190 hash_clean(bgp->tip_hash, bgp_tip_hash_free);
(gdb) list
185
186 void bgp_tip_hash_destroy(struct bgp *bgp)
187 {
188 if (bgp->tip_hash == NULL)
189 return;
190 hash_clean(bgp->tip_hash, bgp_tip_hash_free);
191 hash_free(bgp->tip_hash);
192 bgp->tip_hash = NULL;
193 }
Versions
- OS Version: Debian 11 / VyOS 1.4
- Kernel: 5.15.67
- FRR Version: 8.3.1
Additional context
what exactly is issuing the no router bgp ... command?
This is issued when the testcase is complete, we always wipe out the bgp config and start with a new config. I am able to reproduce the issue by randomly loading our artificial configurations, but it always crashes with a different configuration.
But what I always see is this line: Sep 19 21:06:07 BGP[818]: in thread bgp_conditional_adv_timer scheduled from bgpd/bgp_conditional_adv.c:186 bgp_conditional_adv_timer()
I can't trivially make it crash, but let's try this patch (wait for packages to be built or you can pull the branch) https://github.com/FRRouting/frr/pull/11979.
Btw, does it happen with previous versions too or not?
I will test that patch and report back.
You can find packages here: https://ci1.netdef.org/browse/FRR-PULLREQ2-7492/artifact
I have backported the change to stable/8.3 but I still get the crash.
Sep 21 20:59:20 BGP[925]: Received signal 11 at 1663786760 (si_addr 0x0, PC 0x55ca12be3de2); aborting...
Sep 21 20:59:20 BGP[925]: /usr/lib/x86_64-linux-gnu/frr/libfrr.so.0(zlog_backtrace_sigsafe+0x6d) [0x7f2439f50b4d]
Sep 21 20:59:20 BGP[925]: /usr/lib/x86_64-linux-gnu/frr/libfrr.so.0(zlog_signal+0xf5) [0x7f2439f50d45]
Sep 21 20:59:20 BGP[925]: /usr/lib/x86_64-linux-gnu/frr/libfrr.so.0(+0xcd6a1) [0x7f2439f7d6a1]
Sep 21 20:59:20 BGP[925]: /lib/x86_64-linux-gnu/libpthread.so.0(+0x13140) [0x7f2439d41140]
Sep 21 20:59:20 BGP[925]: /usr/lib/frr/bgpd(+0x1fade2) [0x55ca12be3de2]
Sep 21 20:59:20 BGP[925]: /usr/lib/x86_64-linux-gnu/frr/libfrr.so.0(thread_call+0x7d) [0x7f2439f8f43d]
Sep 21 20:59:20 BGP[925]: /usr/lib/x86_64-linux-gnu/frr/libfrr.so.0(frr_run+0xe8) [0x7f2439f49088]
Sep 21 20:59:20 BGP[925]: /usr/lib/frr/bgpd(main+0x356) [0x55ca12acb336]
Sep 21 20:59:20 BGP[925]: /lib/x86_64-linux-gnu/libc.so.6(__libc_start_main+0xea) [0x7f2439b7cd0a]
Sep 21 20:59:20 BGP[925]: /usr/lib/frr/bgpd(_start+0x2a) [0x55ca12acd09a]
Sep 21 20:59:20 BGP[925]: in thread bgp_conditional_adv_timer scheduled from bgpd/bgp_conditional_adv.c:186 bgp_conditional_adv_timer()
Could you somehow check the sequence so I could replicate this on my local machine? It would be much easier to fix this. Because I tried copying the config, restarting, applying your new config, and restarting, but I can't see any crashes. Do you use frr-reload or not?
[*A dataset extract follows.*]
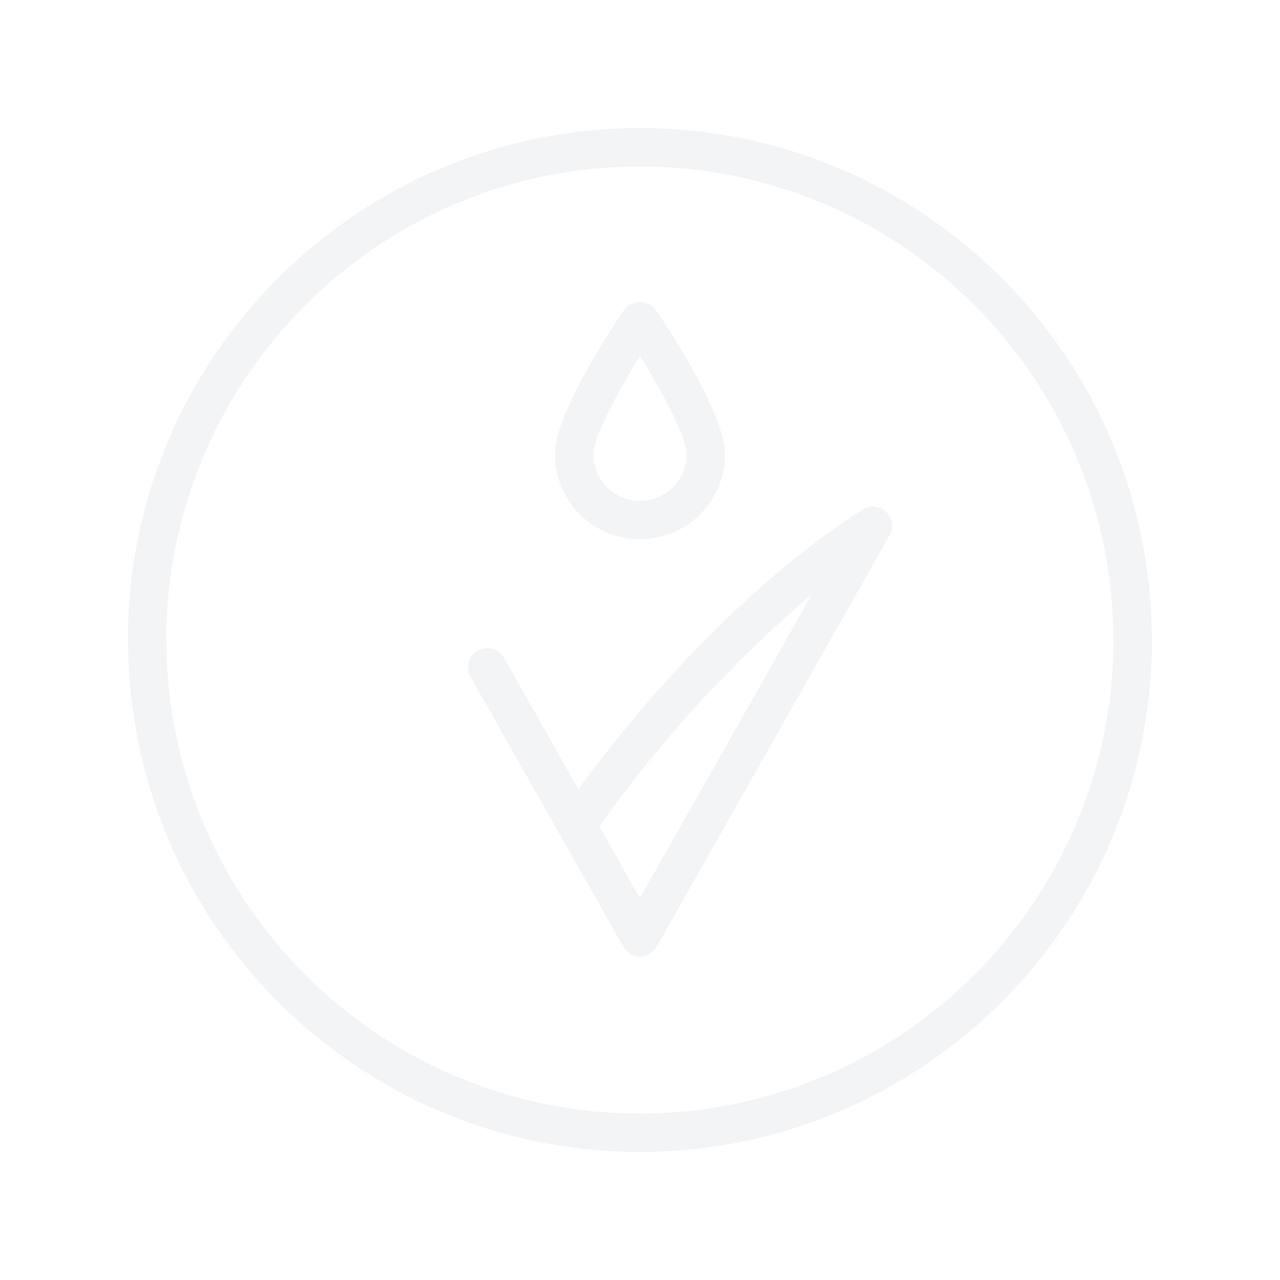 SAMPURE MINERALS Kabuki Brush кисть для нанесения косметики

I will try to find an easy way to replicate it. Another option would be to use the VyOS ISO itself. We are using frr-reload indeed.
@c-po did you have a chance to look at how to replicate it?
Hi @ton31337,
using stable/8.4 I am no longer able to reproduce the issue.